Сам он присел за камень и зажмурился и потому не видел вспышку. Только услышал взрыв. Глаза открыл только через три секунды, захватив еще последний всполох быстро уходящего света. И увидел рядом с собой безумное лицо Керима, которого никто не предупредил, что следует закрывать глаза.
Команду к стрельбе и давать не надо. Тишина после взрыва и восстановиться не успела, когда треск выстрелов смял всю красоту момента. Разин сразу отметил, что очереди разные. Некоторые даже длинные. Длинными очередями стреляют только женщины и дилетанты. Очередь должна состоять не больше чем из трех выстрелов.
Ослепленные боевики падают прямо в воду. Но они держались слишком кучно, выискивая самое мелкое место для перехода ручья, и передние заслонили собой задних. Многие в бронежилетах. Это их в какой-то миг спасло. Три фигуры бросились назад, к кустам. Разин поднял пистолет с прикладом и послал чуть выше спин убегающих подряд три пули – в шеи или в затылки, но не в бронежилеты. Он не стал стрелять очередями. Пожалел патроны. Но и одиночных выстрелов, сделанных хладнокровно и умело, хватило.
Хамзат оружие даже не поднял. И только когда группа бросилась вперед на добивание и раздалось еще с десяток выстрелов, он вышел и спустился к ручью. Разин двинулся следом, а за Разиным и Керим, который утерянное было зрение обрел и несказанно этому обрадовался. Так обрадовался, что даже про усталость забыл. Пошел, как свеженький.
Внизу все произошло так, как представлял себе Разин. Ментовско-прокурорская банда оказалась полностью перебитой.
– Кто теперь будет следить за порядком в Грозном? – с усмешкой спросил подполковник.

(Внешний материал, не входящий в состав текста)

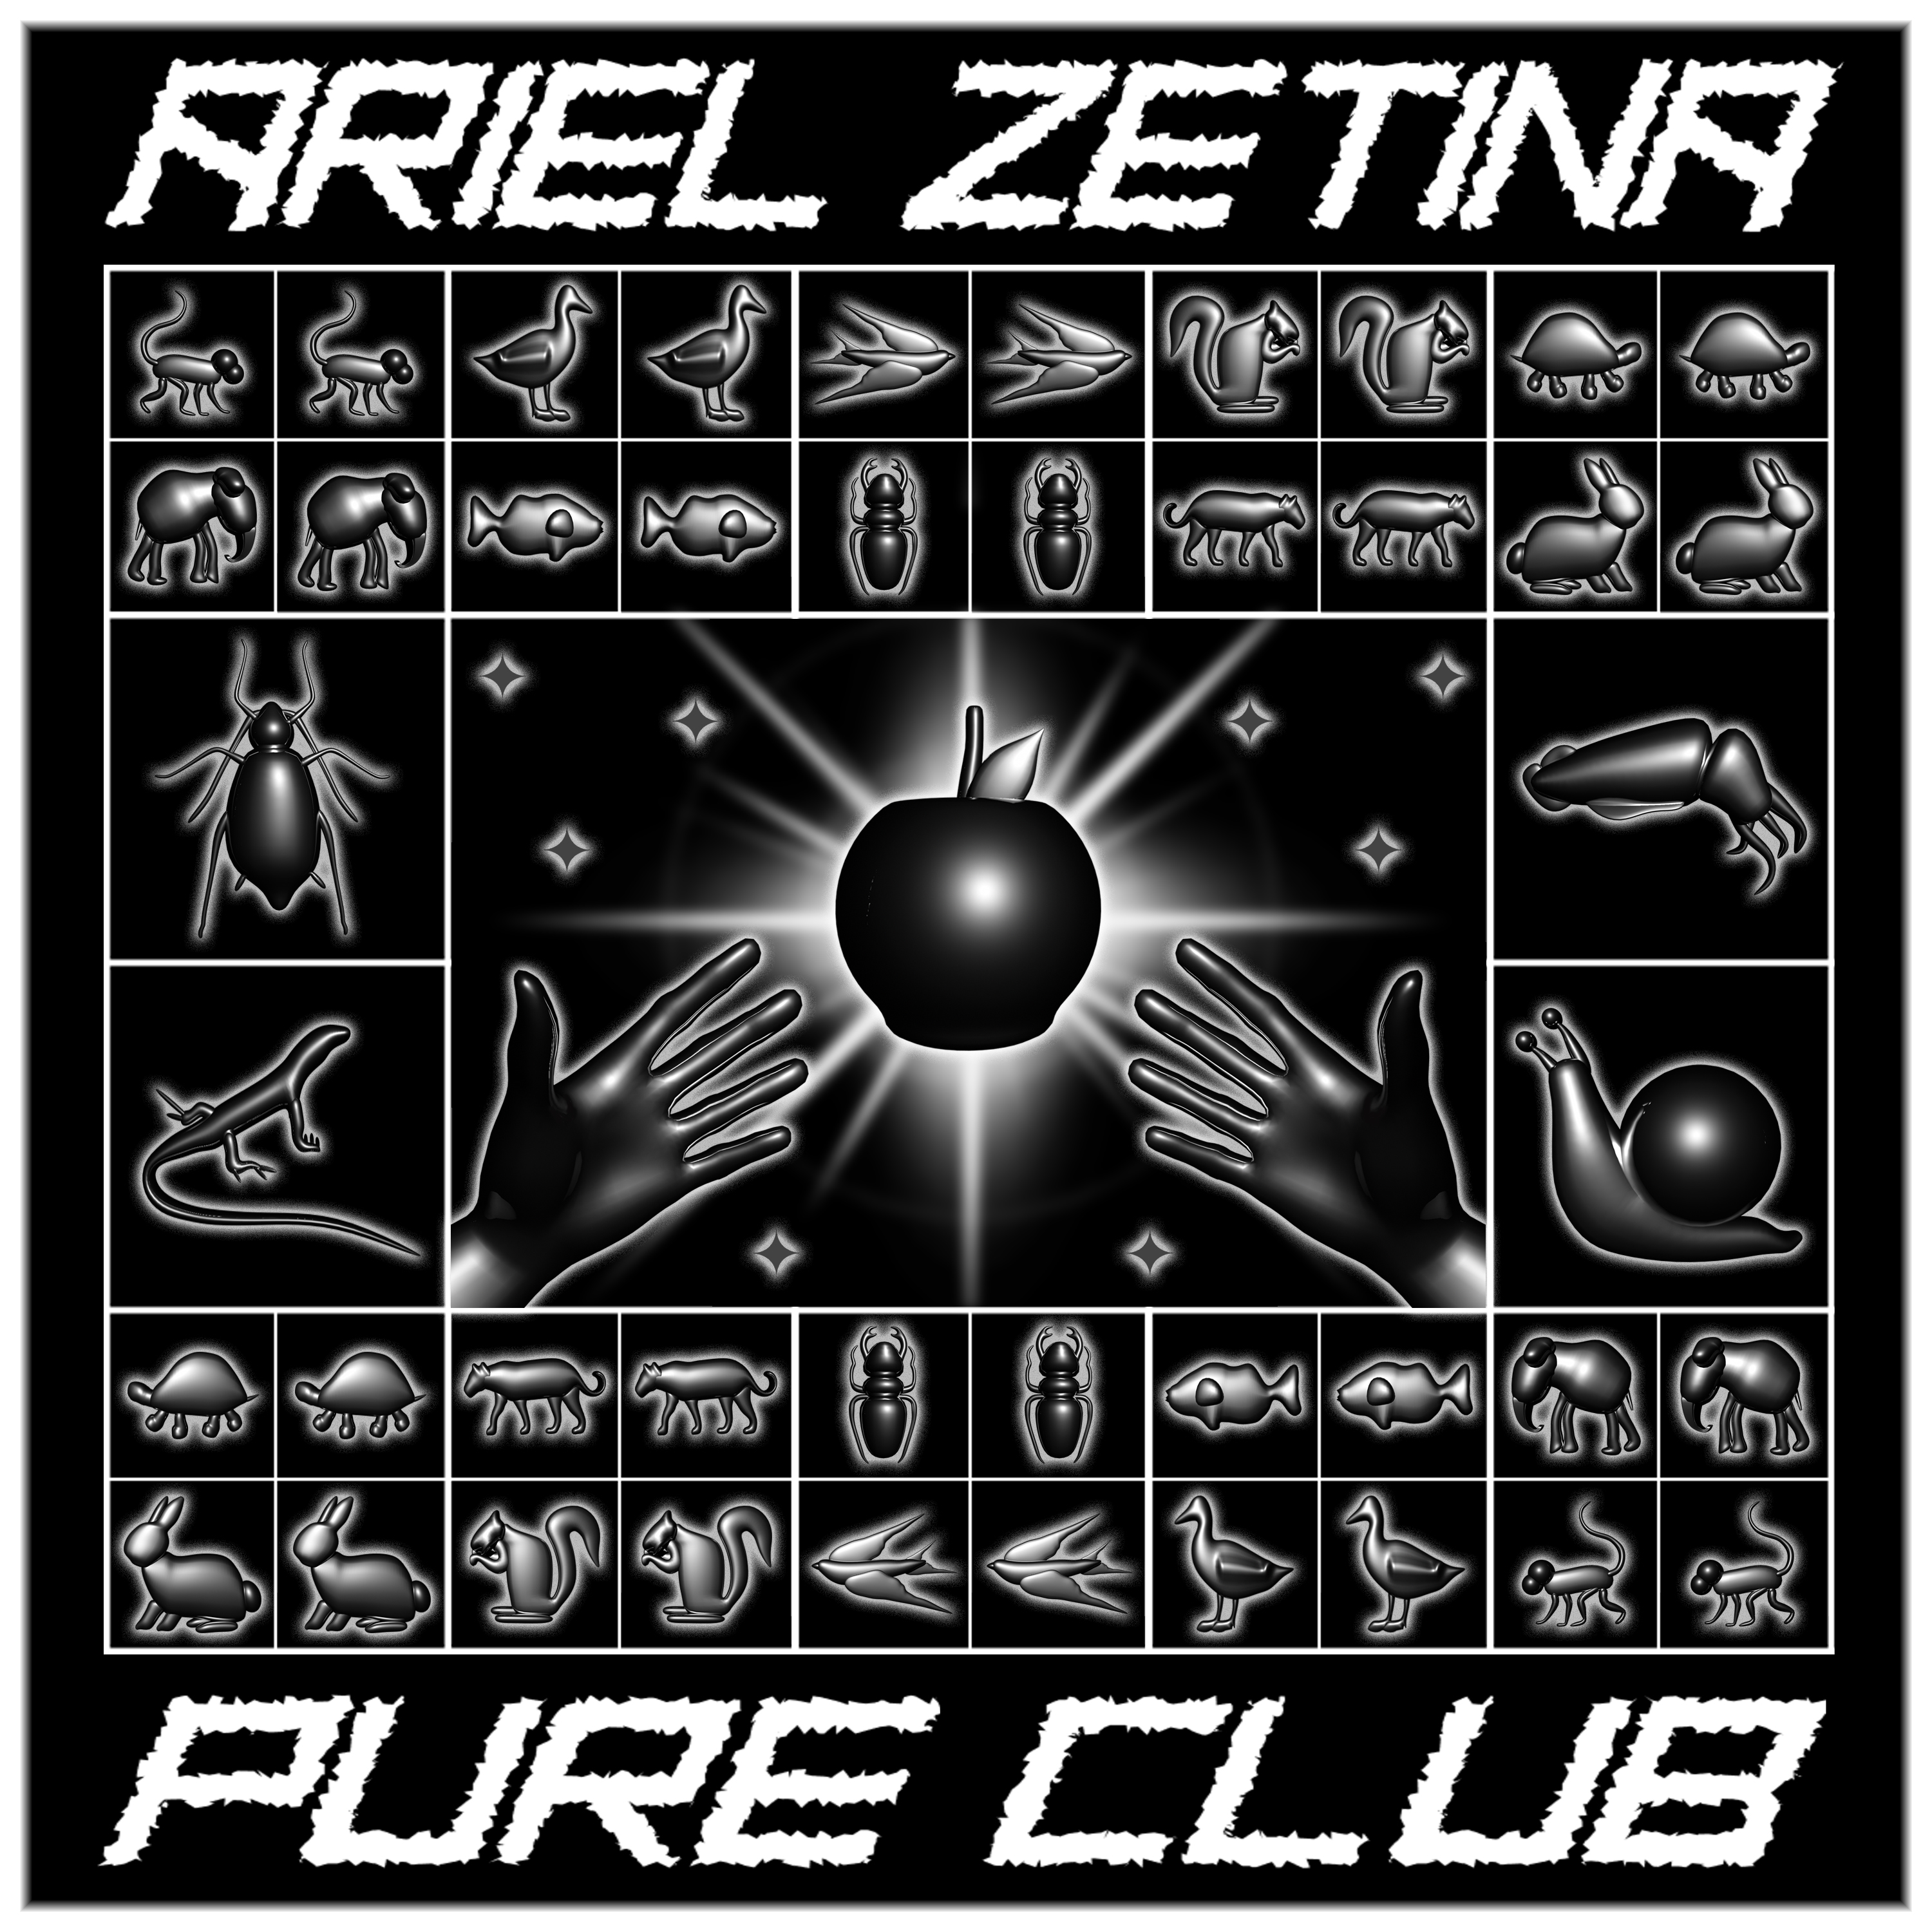 Pure Club graphic album cover with a chart of 3D rendered animals surrounding an image of hands reaching out towards a glowing apple

Хамзат осмотрел своих боевиков.
– Вот они придут на смену. Они из другого тейпа. Враждебные. Им тоже надоело воевать. Хотят просто грабить и получать за это зарплату.
Разин оглянулся. Четверо боевиков министра из засады не вышли. Но и Хамзат сделал вид, будто только что заметил это. Он открыто двинулся вместе с подполковником на правый фланг засады. Разин уже знал, что им предстоит увидеть. Значит, Хамзат дал конкретную дополнительную команду левому флангу. Иначе он заподозрил бы неладное. Сейчас вся группа вместе с ним оказалась в недавнем положении только что перебитых врагов. И оттуда, из засады, четверым ничего не стоило бы положить всех на месте. Хамзат, при своем подозрительном нраве, обязан был бы предусмотреть это. А он пошел открыто. Значит, уже знает, что произошло.
– Поздно ты, подполковник, гранату бросил. Подставил парней под огонь своих же…
Совсем приятный ход! Восточная мудрость границ не знает! Хамзат показал себя во всей красе. Значит, виноват во всем только Разин.
Однако Разин в ответ улыбнулся. Он с себя вину не снимает:
– Но ты же очень хотел этого…
Толукбаев все понял. Его ход не укрылся от подполковника. И потому посмотрел настороженно, ожидая продолжения разговора.
– В коротком бою всякое случается… – добавил Разин. Продолжения и разборки не последовало.
– Случается… – тогда согласился Хамзат. – Сдай пистолет Кериму.
Керим протянул из-за спины руку.
Их осталось только одиннадцать человек вместе с самим подполковником. Шерхана Алиевича, который только что спустился от костра, с трудом можно отнести к нормальным бойцам – министр стал вдруг хромым и косолапым.
Теперь осталось пройти совсем немного. Подняться по противоположному склону – последнему лесистому склону горы на их пути, а дальше практически уже не спускаться – чаще только вверх и вверх. До тропы, которая приведет к пещере.
– Как же они так?… – склонился министр над своей группой поддержки.
– Воевать тоже надо уметь… – ответил на это Хамзат.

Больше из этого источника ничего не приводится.